Not completely, of course. Some venues – the Gilded Balloon and The Pleasance for example – are locked in the Scrooge-like grip of Edinburgh University, an institution I 
feel has not been given 
enough credit for driving 
costs and prices up to the ridiculous level they have reached today.

But the breadth and the depth of the Free Fringes, the quality and creativity of the programming in venues like Just The Tonic and the birth of baby ventures like Bob Slayer’s Alternative Fringe bode well for next year.

This August, anyone who comes to Edinburgh in the hope of seeing someone famous would have done better to spend time in the Cowgate at Just The Tonic where last night I saw Set List (again – it is as addictive for the audience as it is for the performers) with a cast that included a sweetly terrified Jim Jefferies, Fred MacAulay, Craig Hill and Josie Long. Last week you might well have bumped into John Bishop who, by all accounts “stormed it”. Susan Calman, she says, became a whole different comic on the Set List stage. The Caves – mainly thanks to Set List – have become the new comedy hangout.

Here, until today, you can also see two of the greatest comics in Edinburgh this month. Eddie Pepitone and Will Franken. The Caves are also home to a young English sketch troupe, Casual Violence. Off beat, running, interwoven sketches linked by a marvellous chap on piano – dryer than a good martini and a perfect foil to the carnage on stage. Creative, strange and brilliantly performed stuff. Casual Violence is oddly more-ish. I look forward to seeing them next year.
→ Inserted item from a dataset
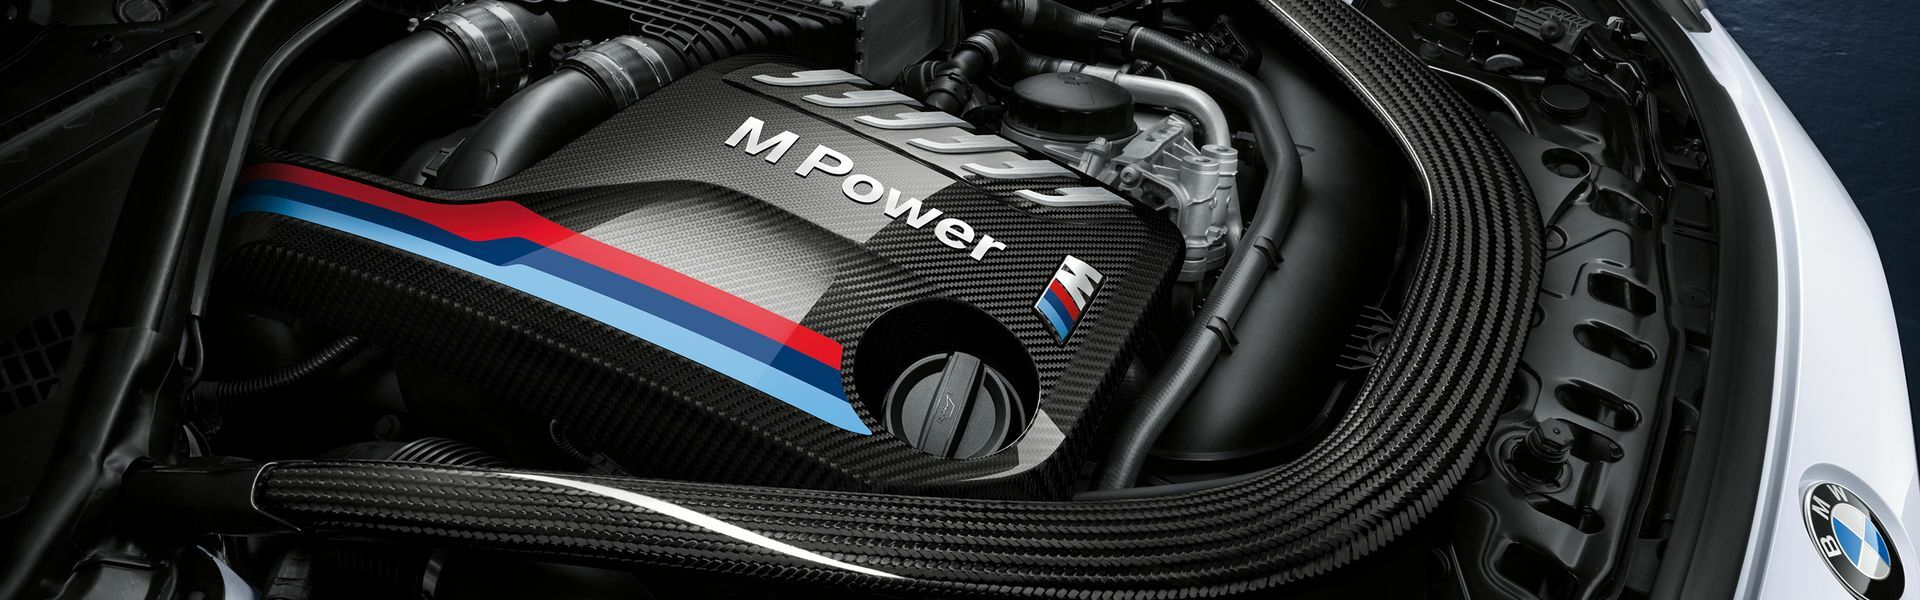 Zvýšení výkonu/ Softwarové úpravy/ Drobné performance díly pro automobil Porsche Panamera GTS / Sport Turismo 971

Also at The Caves, until today, is Henning Wehn, who has most definitely gone up a gear, comedy wise. Of course we get the “German abroad” stuff – and jolly stuff it is too – but this year Henning gets his teeth into Scottish devolution. This is great stuff. Maybe it takes an outsider to wring the comedy neck of this topic with a ruthlessness that has the mainly Scottish room rocking with laughter. Wehn marches into and over the French, the comedy industry, the Olympics and much more. Now he plays with language and, as a UK taxpayer, gets to rip into tax dodging, pointless award giving and charity. Wehn is turning into one of our most pointedly funny social commentators. And he offers you the chance to win a holiday in Hamburg.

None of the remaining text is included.